Parler, the pro-Donald Trump social media site that has served as something of a brainworm all-you-can-eat buffet in recent years, is being sued by its own co-founder and former CEO.
Following the Jan.6 riot on Capitol Hill, which was partially organized on the site laden with violent death threats from Parler, Amazon web services started Parler from its servers and Apple and Google launched it in their respective app stores. The site is now back despite failing to convince any of those other companies to let it return, but CEO John Matze did not return for the second leg of the journey. He was ousted in some kind of internal dispute with Republican mega-donor Rebekah Mercer, a major investor who is reportedly now finance personally the site, and far-right former NRATV expert and fellow investor Dan Bongino, whose role appears to consist, at least partially, of urging his millions of Facebook followers to migrate to a site in which he has a personal financial stake. .

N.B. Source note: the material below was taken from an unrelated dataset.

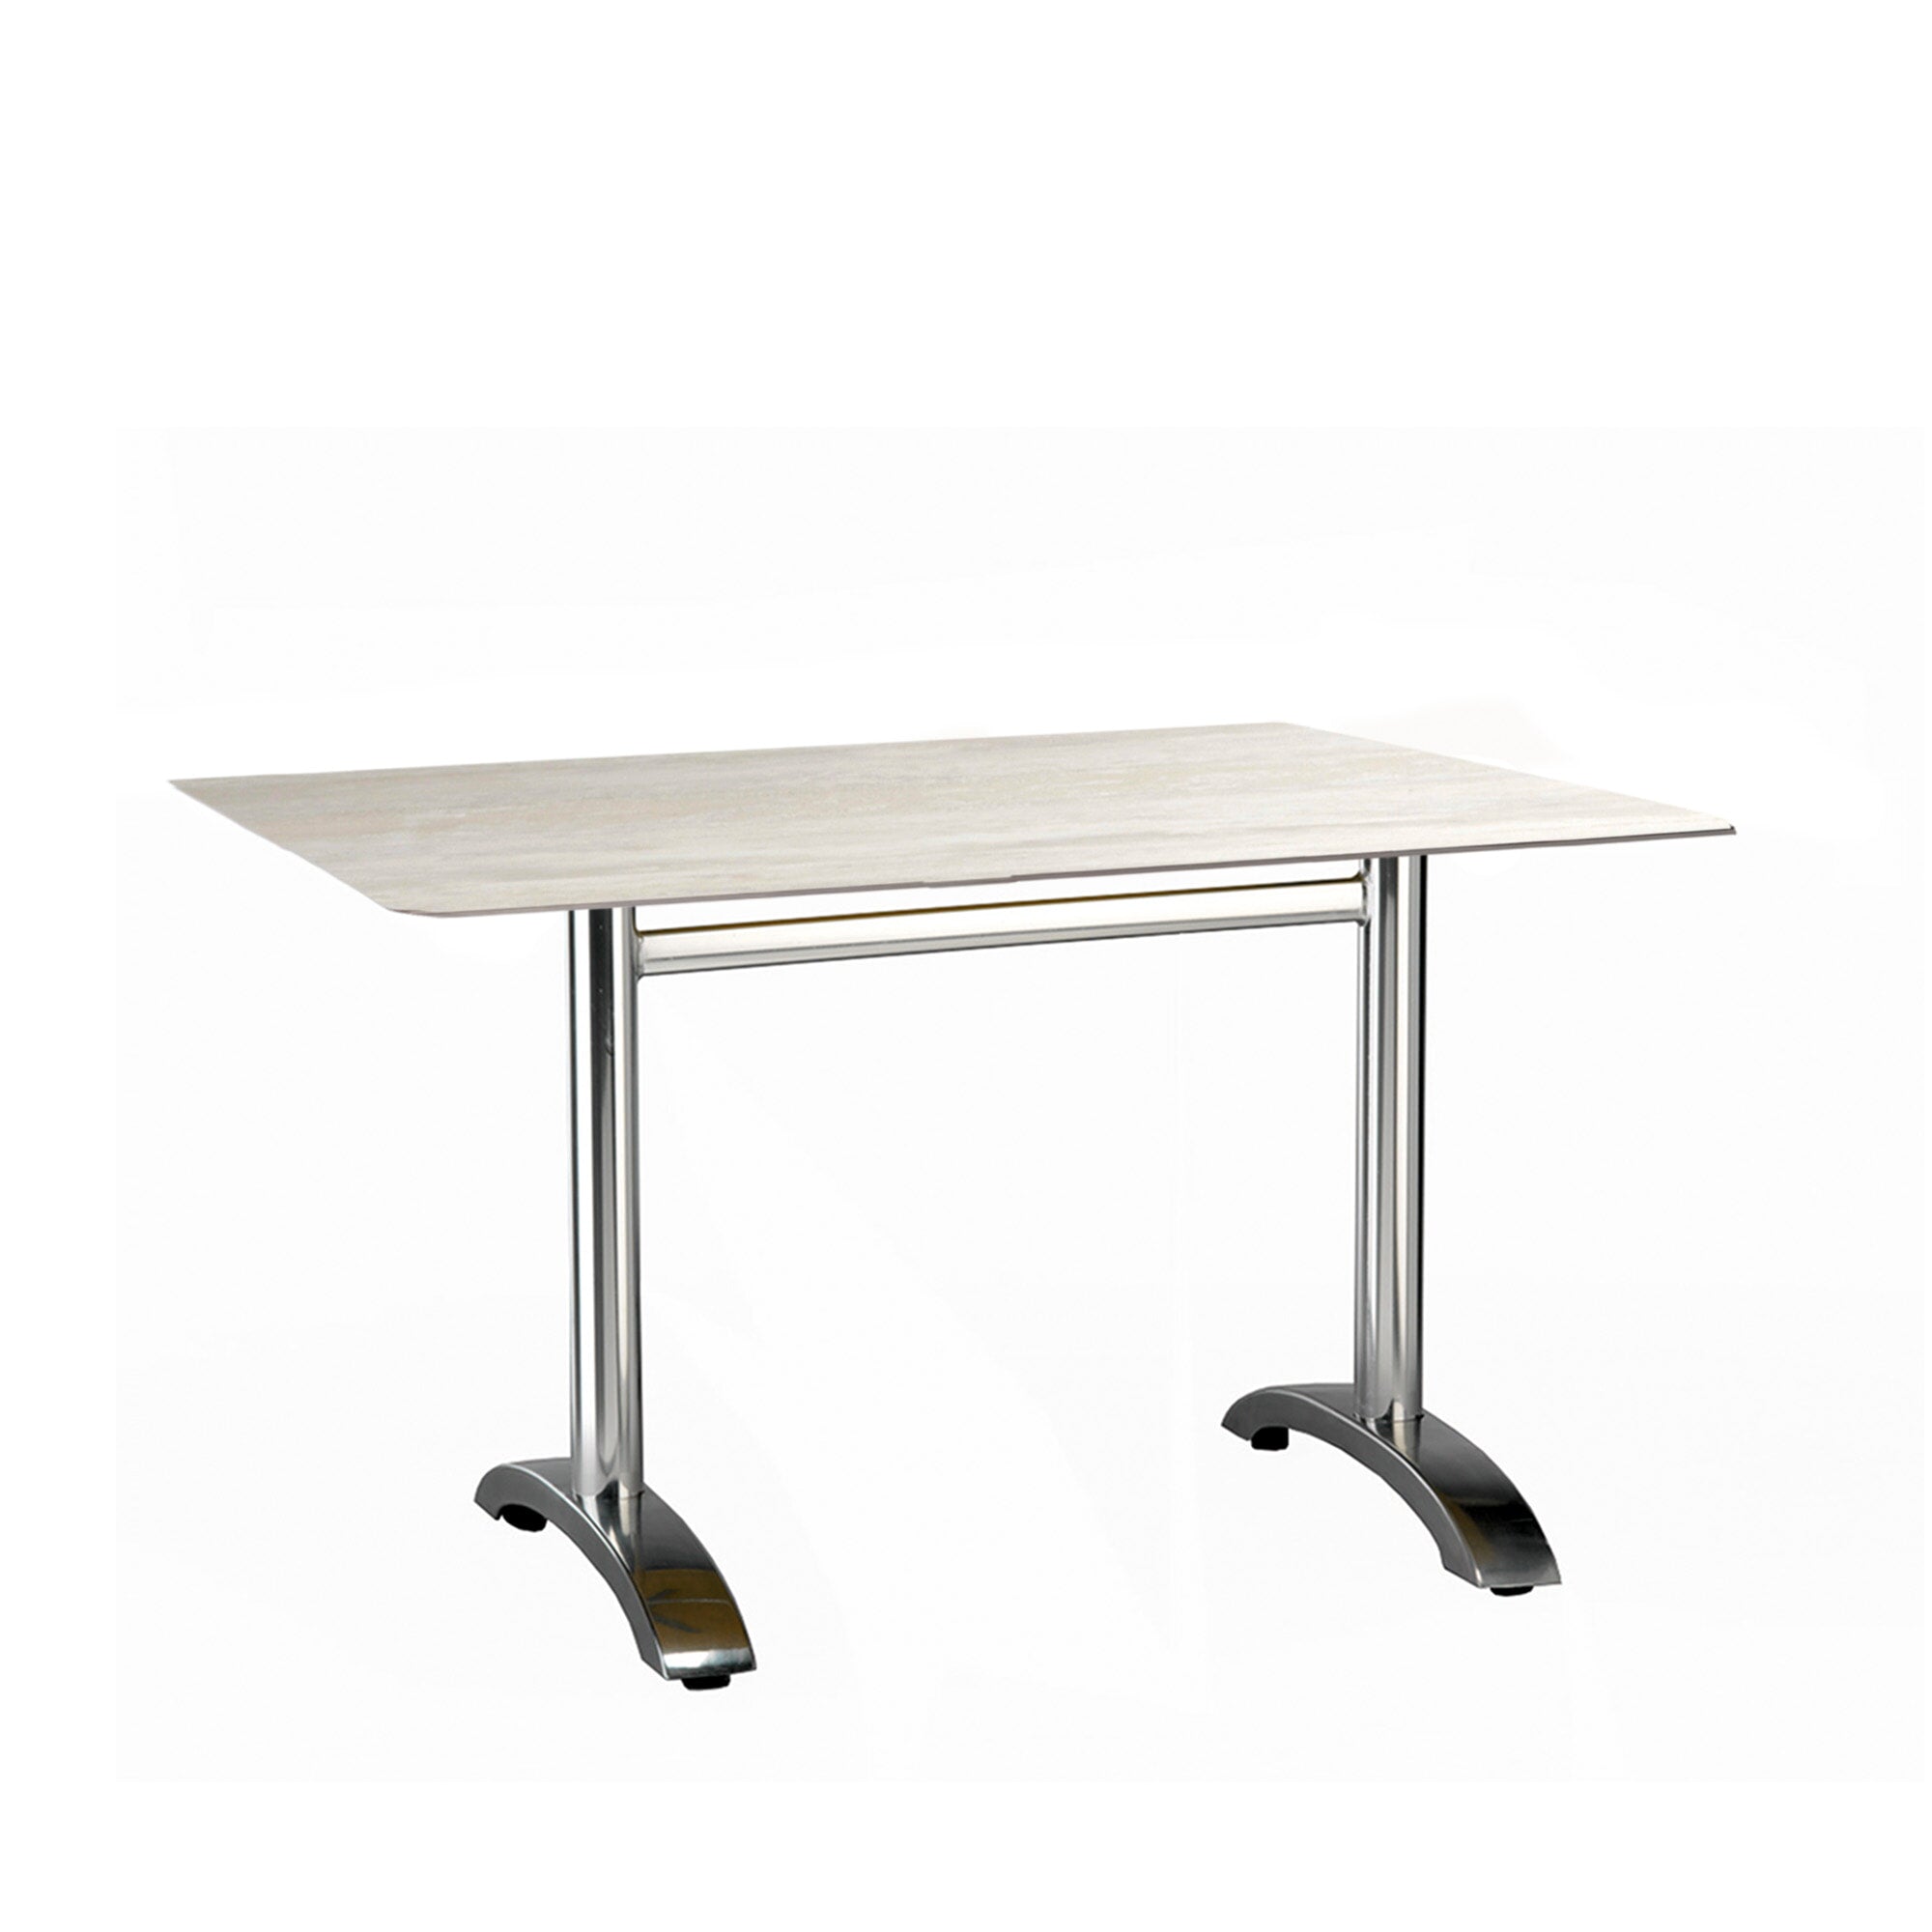 Garbar max rectangular table indoors, outdoors 120x80
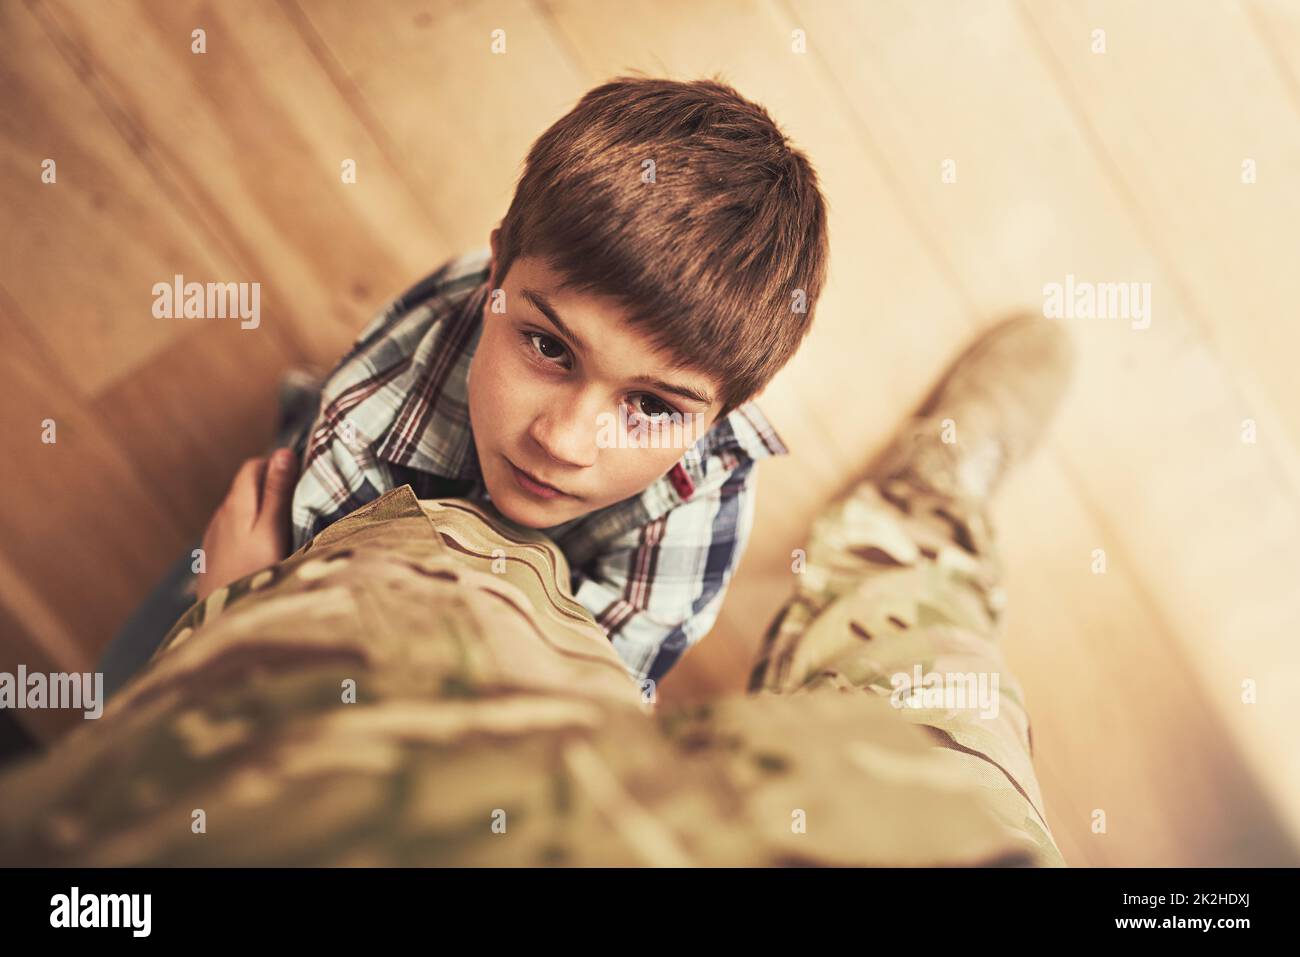 Müssen Sie wirklich gehen. Aufnahme eines Jungen, der sich an das Bein seines Vaters klammert, um ihn davon abzuhalten, zur Armee zu gehen. Stockfoto

The exit did not go well, with Bongino accusing Matze of trying to sell the original mission of the site as a utopia of free speech where almost anything legal goes, exactly what the troubled company first, and Matze tell the media Mercer had turned a blind eye to the onslaught of QAnon conspiracy theorists, neo-Nazis, fascists, racists, and other nasty fanatics who took over the site. Now Matze claims that his 40 percent stake in the company was stolen in a “flamboyant and arrogant robbery … personified by oppression, fraud and malice.” according to the Las Vegas Sun.
Matze wrote in court documents alleging breach of contract and defamation that Parler was “kidnapped to further the personal political interests and personal advantages of the defendants rather than to serve as the platform for free expression as originally conceived.” Both Mercer and Bongino are named as defendants in the lawsuit, along with COO Jeffrey Wernick and the new acting CEO of Tea Party activist Parler. Mark Meckler.
Matze wrote on the suit that the company was initially founded using a holding company designed to hide Mercer’s stake, and was fought over financial issues (according to him, Mercer characterized his 60 percent equity stake as a loan that should be repaid). He added that Mercer appeared to lose interest in the site until around November 2020; it’s unclear exactly when, but this would have been sometime around the time Parler records were emerging Amid Trump’s claims, the election was stolen, and he subsequently refused to commit to proposals for stricter restraint in the wake of the unrest. By NPR:
“Matze’s proposal was met with deathly silence, which he considered a rejection of his proposal,” according to the lawsuit.
Matze says in the lawsuit that Mercer brought in allies, including Wernick, to “force him out of the company.”
Wernick allegedly threatened Matze with a “flood of claims and legal costs if he dared challenge Mercer,” the lawsuit states.
Wernick, according to the lawsuit, told Matze not to consult his own attorney and threatened him that he would “go broke” if he did.
Matze pretends to be some kind of innocent-minded scapegoat in a suit. The court documents state that upon meeting his eventual replacement, Meckler, “it became clear to Matze that Meckler’s efforts were not to grow Parler as a free expression platform, but to redirect him to what Meckler called the ‘ tip of the conservative spear. ‘by a brand of conservatism befitting Mercer’s preferences. ” Considering the obvious of Parler ideological pimping, who allegedly tried to lure Trump into registering an account with promises of a shareholding in the summer of 2020, and of which Matze boasted ban liberal “trolls” Across the site, it’s hard to take seriously the claim that Matze had no idea that his site would be used to promote the right-wing agenda.
Finally, Matze claims in the lawsuit that Parler’s management slandered him with suggestions of misconduct and breach of his obligations as a manager, when in reality the site kept coming back online using the technical game plan he developed, just too bad. (Since Meckler “lacked the technical know-how to run such a social media platform, and its actual role was simply to push a political agenda, the implementation was more than poor,” Matze added.) Shakedown, the folks at Mercer determined that the “fair market value” of their 40 percent stake was a measly Three dollars.
Maybe in that, We can agree: Parler is worth about $ 7.50, plus or minus a few dollars depending on whether he helps to successfully spark another failed insurrection.
Matze, however, says that his share of Internet hell is actually worth millions, and that in internal discussions he and Mercer had valued the site at a billion dollars or more.
The former CEO “hopes to present his claims in court and be vindicated,” Matze’s attorney, James Pisanelli, told the Sun in a statement.